Board member resigns from journal over handling of paper accused of plagiarism

A biologist is crying foul at a journal’s decision to correct (and not retract) a paper he claims plagiarized his work — and one of his colleagues has resigned from the journal’s editorial board as a result.

The 2016 paper, published by Scientific Reports, is an application of a previously published algorithm designed to better identify regulatory sequences in DNA. The three authors, based at the Shenzhen campus of the Harbin Institute of Technology, used the technique to identify recombination spots in DNA. They called it SVM-gkm.

On April 2, Michael Beer of Johns Hopkins University in Baltimore notified the editors of Scientific Reports that he believed the paper had plagiarized his work.
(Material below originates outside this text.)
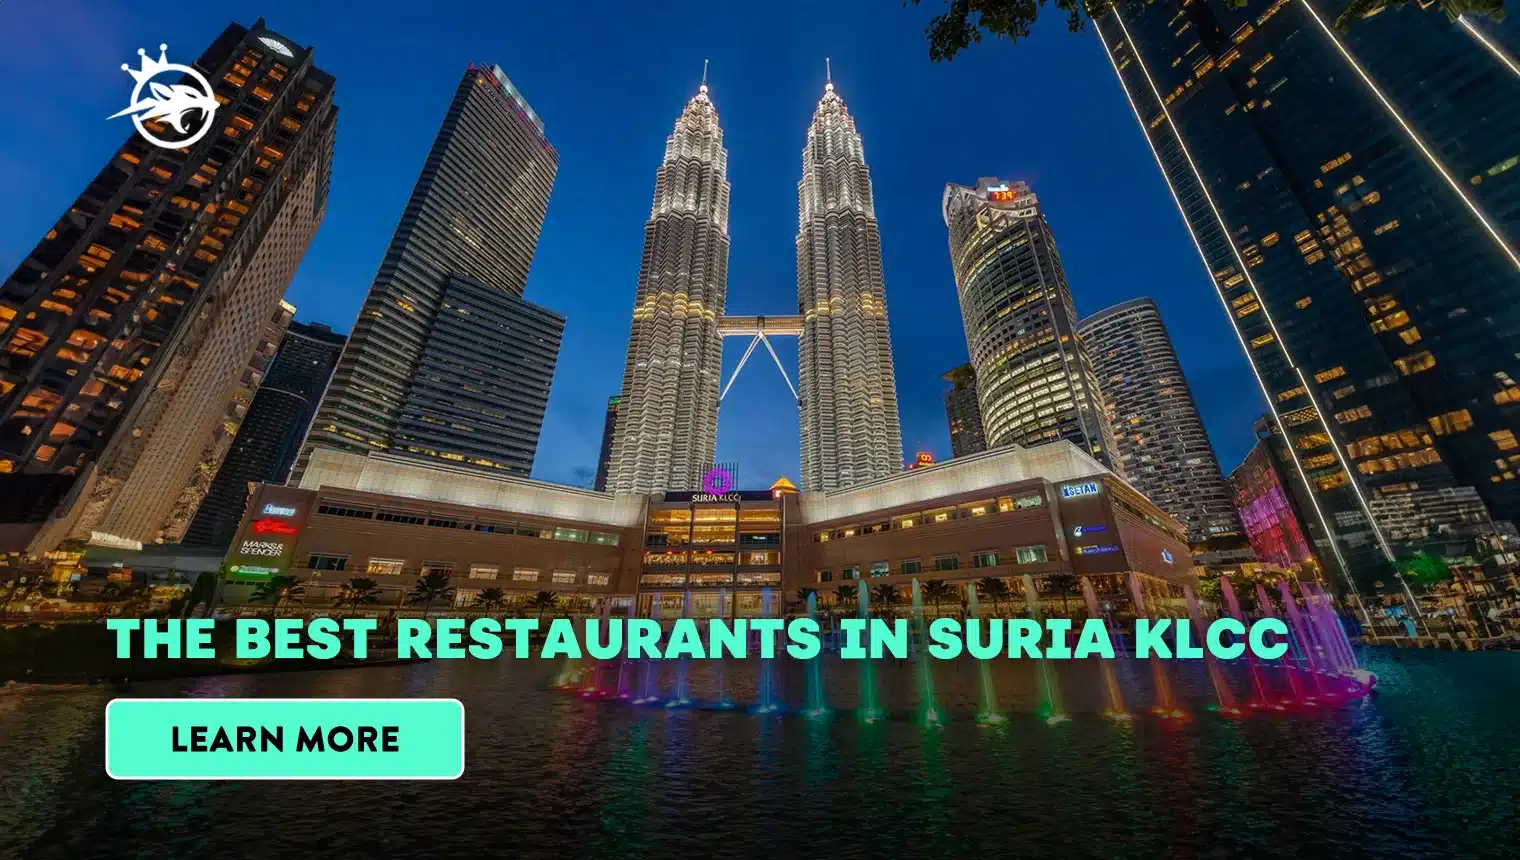 The Best Restaurants in Suria KLCC

Despite Beer’s efforts, the journal ultimately decided to issue a correction notice, which cites “errors” and the authors’ failure to credit Beer’s work. That isn’t good enough for Beer — nor one of his colleagues at Johns Hopkins, who resigned from the journal’s editorial board saying “the recent affair with Mike Beer’s work being plagiarized did not impress me.
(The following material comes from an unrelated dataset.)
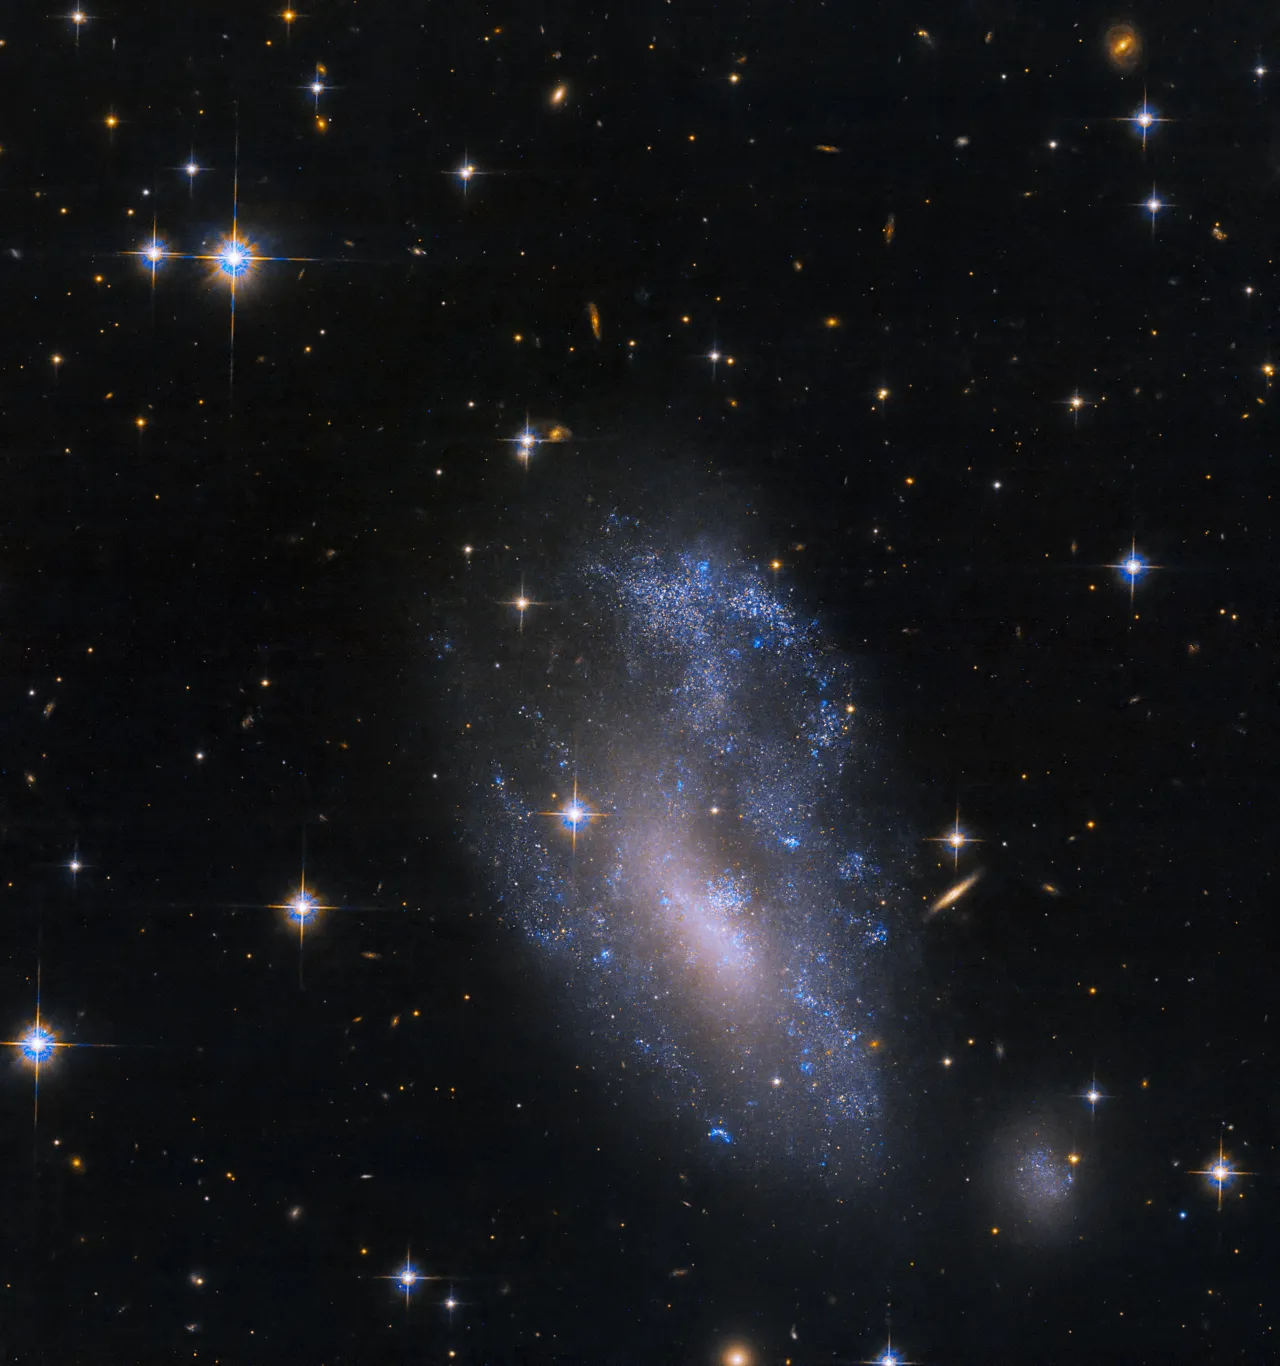 NASA's Hubble Space Telescope Spots Rarely Seen Possible Galaxy Encounter

Beer claims that large swaths of the 2016 paper consisted of rewording his paper and restating the exact same equations that underlie his software (albeit with some errors introduced) —named gkm-SVM. And while his paper was referenced in the text as the original source of several (but not all) of the equations, Beer says wording in the abstract made stronger claims to novelty. Here’s an excerpt from the abstract of the 2016 paper:

To solve this problem, we add gaps into k-mer and introduce a new feature called gapped k-mer (GKM) for identification of recombination spots. By using this feature, we present a new predictor called SVM-GKM, which combines the gapped k-mers and Support Vector Machine (SVM) for recombination spot identification.

In effect, argues Beer, the authors had tried to pass off the work as their own.
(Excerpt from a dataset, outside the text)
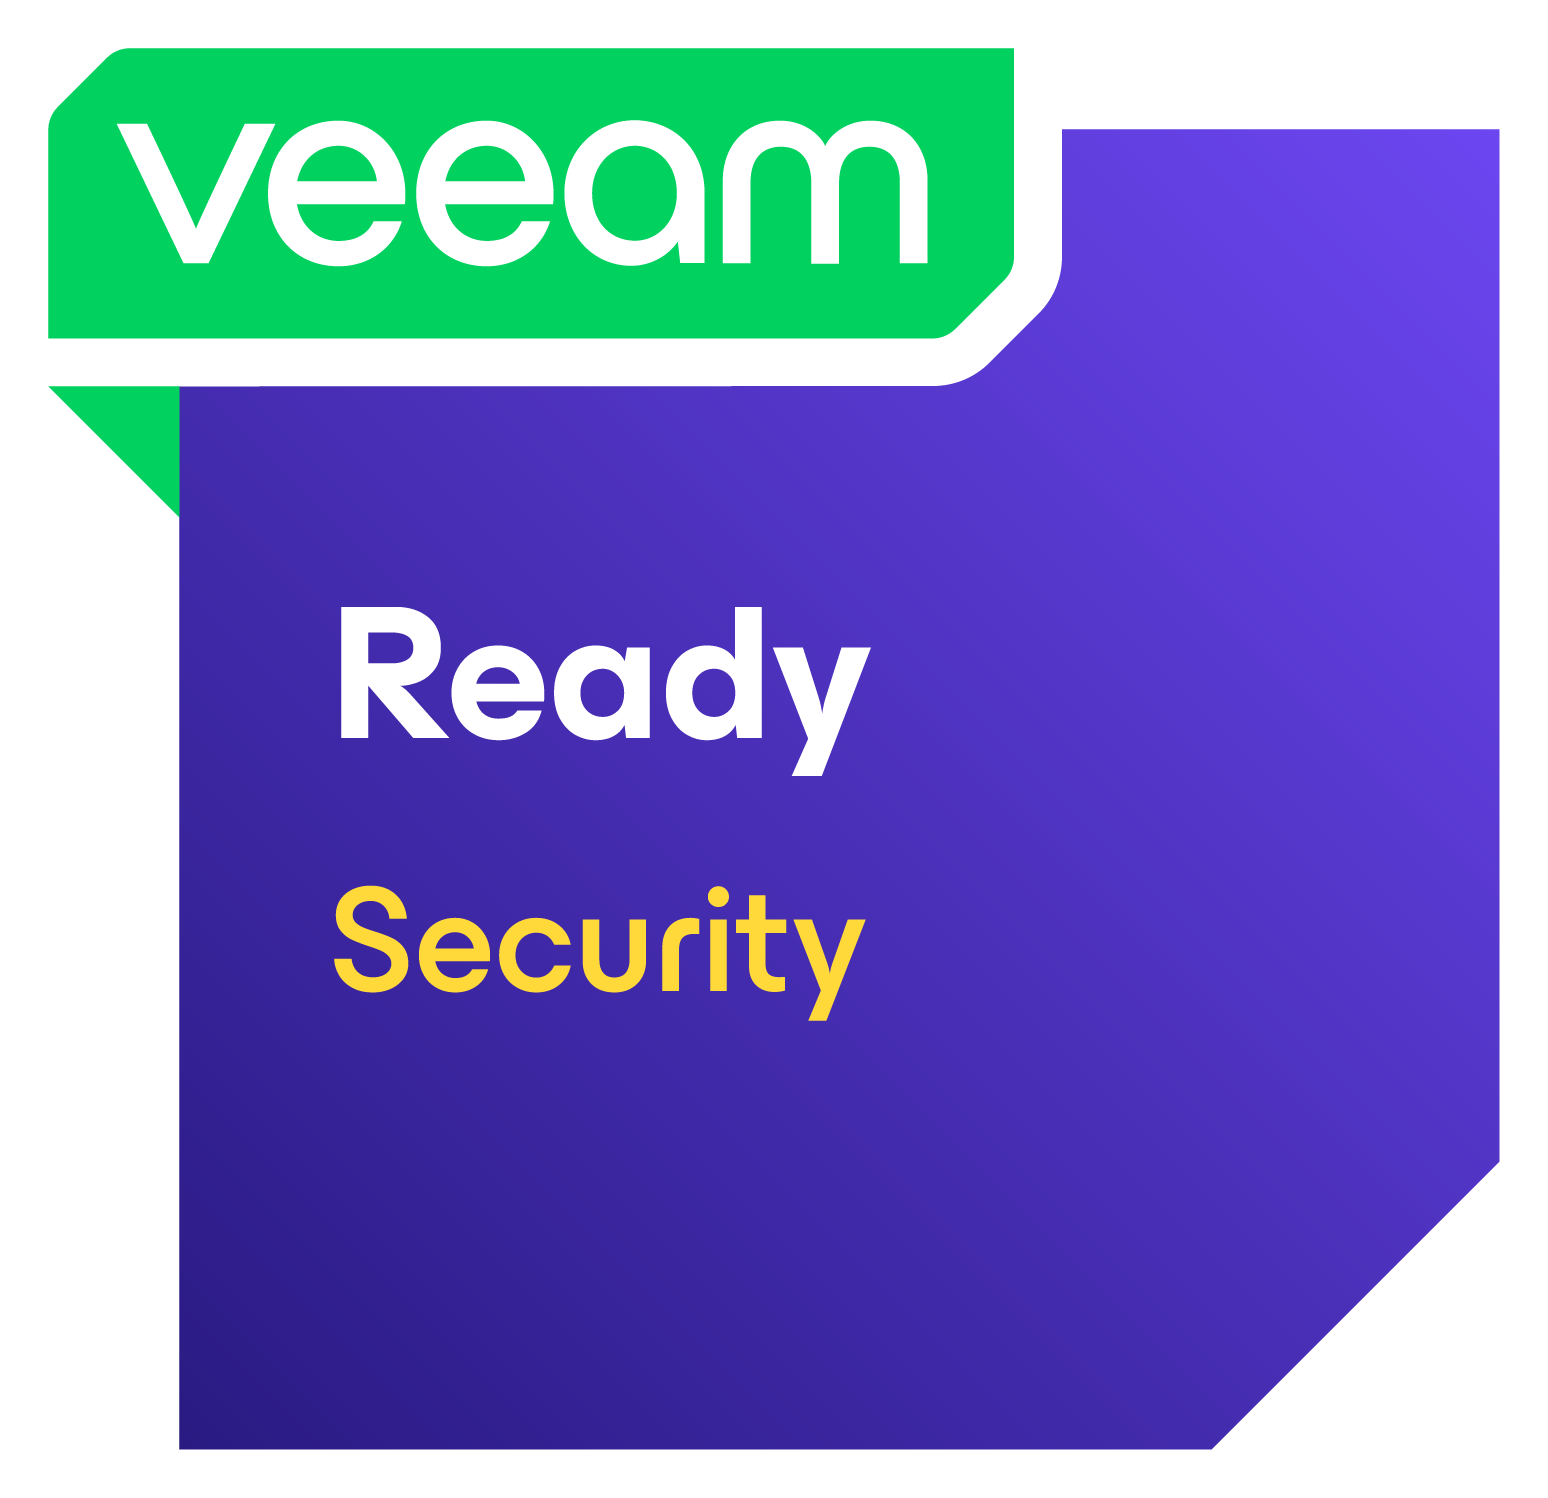 Veeam ready security

On April 2 2016, Beer wrote to the journal:

This paper should be retracted based on the unauthorized reuse of figures, equation images, extensive text, and fraudulent claims of novelty.

In a follow-up email five days later, he also noted that the corresponding author of the paper, Bin Liu, was an editorial board member of Scientific Reports, and called for his removal from the board.

When we asked Bin Liu for comment, he wrote to us:

Obviously, our Scientific Reports paper “Recombination spot identification based on gapped k-mers” didn’t plagiarize any paper. I don’t need to say more about this, since the truth is already there: no journal will publish any plagiarized paper, especially for the famous ones, such as Scientific Reports. Our paper was objectively evaluated by SR, and this point is supported by the research community.

Scientific Reports is published by Nature Publishing Group as an open access journal that advertises itself as offering authors “Thorough peer review with a focus on scientific validity — rather than significance or impact.”

A controversial decision prompts fallout

On April 29, 2016, Scientific Reports’s managing editor Richard White notified Beer that the journal would issue a corrigendum—but not a retraction—and acknowledged the authors “overstated” their claims:

Although your work (including the PLOS Computational Biology) is cited in the Sci Rep paper, the authors’ claims about their contribution to the algorithm development are overstated and they should have made it clearer that they apply existing methodology to a new biological question…The inaccuracies and ambiguities in the paper do not warrant its retraction, but we will publish a corrigendum.

Beer pushed back, citing the wording in the abstract and the reproduced derivation. He asked White whether he considered this to be an instance of plagiarism. White responded on May 11 2016:

This is not a question of whether the paper qualifies as plagiarism, but a question of whether there is a level of plagiarism that warrants retraction. The policy link I sent previously explains that ‘minor plagiarism’ is relatively frequent; there is a wide spectrum of plagiarism, and not all cases of plagiarism warrant retraction.

Beer slammed the decision in an email to us:

If this is not a level of plagiarism that warrants labeling as plagiarism, I would like to see what is…I think this decision sends the message that it is acceptable to submit plagiarism to Nature.com’s Scientific Reports. If you are caught, you will be allowed to revise the plagiarized text once it is published.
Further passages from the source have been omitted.